18 pages, 4728 KiB  
Article
Influence of Pontic Length on the Structural Integrity of Zirconia Fixed Partial Dentures (FPDs)
by Tareq Hajaj, Ioana Elena Lile, Ioana Veja, Florina Titihazan, Mihai Rominu, Meda Lavinia Negruțiu, Cosmin Sinescu, Andreea Codruta Novac, Serban Talpos Niculescu and Cristian Zaharia
J. Funct. Biomater. 2025, 16(4), 116; https://doi.org/10.3390/jfb16040116 - 25 Mar 2025
Viewed by 452
Abstract
Objective: This study aims to evaluate the influence of pontic length and design on the fracture resistance of zirconia fixed dental prostheses (FDPs). By assessing different span lengths under controlled mechanical loading conditions, the research seeks to provide insights into optimizing the structural [...] Read more.

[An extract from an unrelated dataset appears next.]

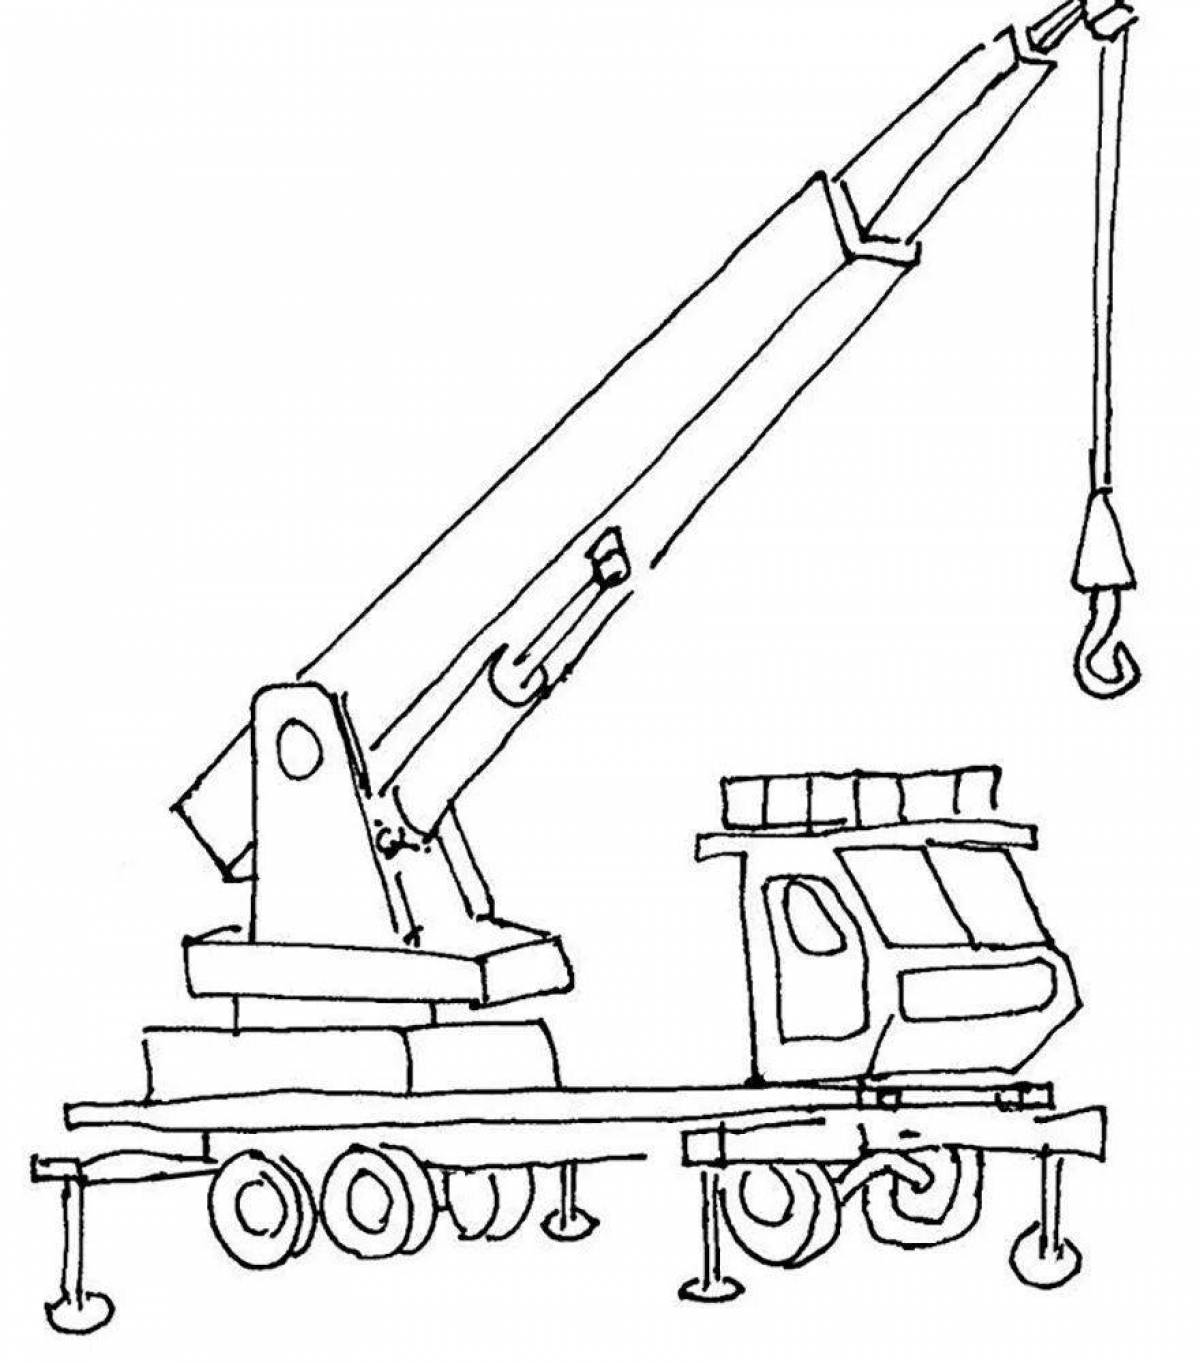 Colorful crane coloring page

Objective: This study aims to evaluate the influence of pontic length and design on the fracture resistance of zirconia fixed dental prostheses (FDPs). By assessing different span lengths under controlled mechanical loading conditions, the research seeks to provide insights into optimizing the structural integrity of zirconia dental bridges. Materials and Methods: A total of 20 zirconia bridges were fabricated and tested in vitro. Ten bridges were designed to replace a single missing molar (tooth 46), with a pontic span of 11 mm, while the remaining ten were crafted for two missing teeth (35 and 36), featuring a longer pontic span of 17 mm. The zirconia frameworks were milled using the Wieland Zenotec® Select Hybrid system and cemented onto metal abutments with Voco Meron Plus QM resin-reinforced glass ionomer cement. The specimens were subjected to occlusal loading using a ZwickRoell ProLine Z005 testing machine at a crosshead speed of 1 mm/min until fracture occurred. Results: The mechanical testing revealed a significant correlation between pontic length and fracture resistance. The mean fracture resistance for three-unit bridges (single pontic) was 3703 N, whereas four-unit bridges (double pontic) exhibited a significantly lower resistance of 1713 N. These findings indicate that increased span length reduces the fracture resistance of zirconia restorations due to higher stress accumulation and reduced rigidity. Conclusions: This study underscores the importance of pontic length and design in determining the fracture resistance of zirconia restorations. Shorter spans exhibit greater structural stability, reinforcing the need for careful treatment planning when designing multi-unit zirconia bridges. By optimizing bridge parameters, clinicians can improve clinical outcomes and extend the longevity of zirconia prostheses in restorative dentistry. Full article
(This article belongs to the Special Issue Technologies and Materials for Application in Dental, Oral and Maxillofacial Engineering)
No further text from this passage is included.